Hi All,

I have a "c" application which has been generating PDFs by executing the
"fop.sh" script. I have now rewritten the process in Java, and am using
the o.a.f.apps.Driver class directly.

However the old code used to produce PDFs which contained only printable
characters (some sections look like base64 encoding).
The new code produces sections which contain "binary" data.
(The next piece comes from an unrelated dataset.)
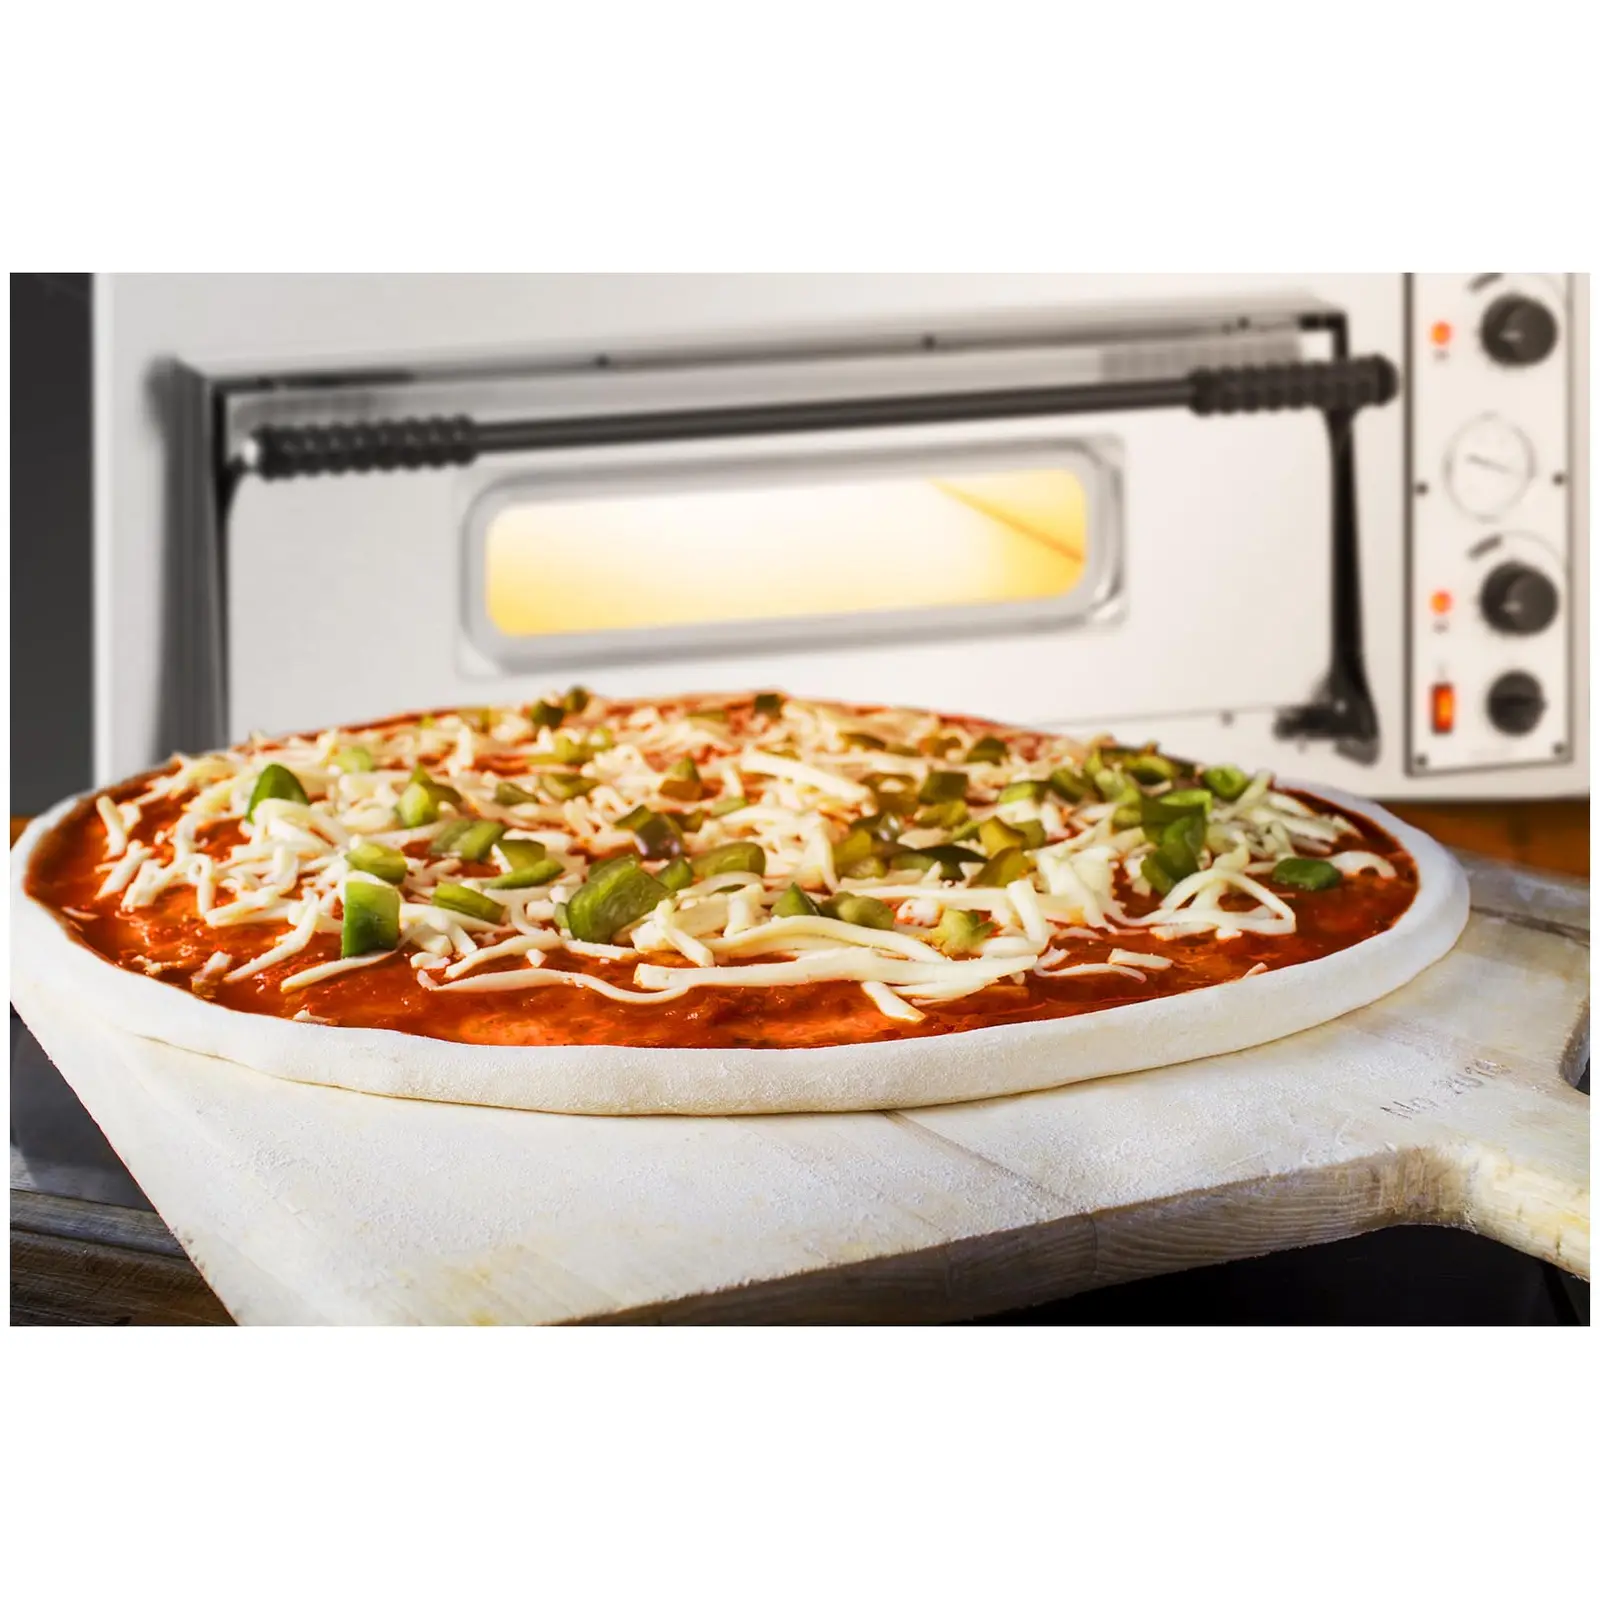 Forno elettrico per pizza professionale - 2 camere - 8 x Ø 32 cm

For various reasons I need to ensure that the PDF output contains
printable characters only, like the old solution did.

The old PDFs include lines like this:
 << /Length 1917 /Filter [ /ASCII85Decode /FlateDecode ]
while the new ones have lines like this:
 << /Length 1474 /Filter /FlateDecode 

At a guess, I would say that with my old app (using fop.sh) the
non-printable data has been "deflated" then "ascii85-encoded" to render
it into all printable chars (probably at a filesize penalty), while the
new code (calling Driver directly) skips the ascii85 encoding step.
Assuming this is the case, can anyone tell me how to enable the
ascii85-encoding of data within the PDF, using the o.a.f.apps.Driver API
or similar??

I'm using fop 0.20.5 in both the "old" and the "new" code, though in the
"new" case I'm possibly using some updated libs.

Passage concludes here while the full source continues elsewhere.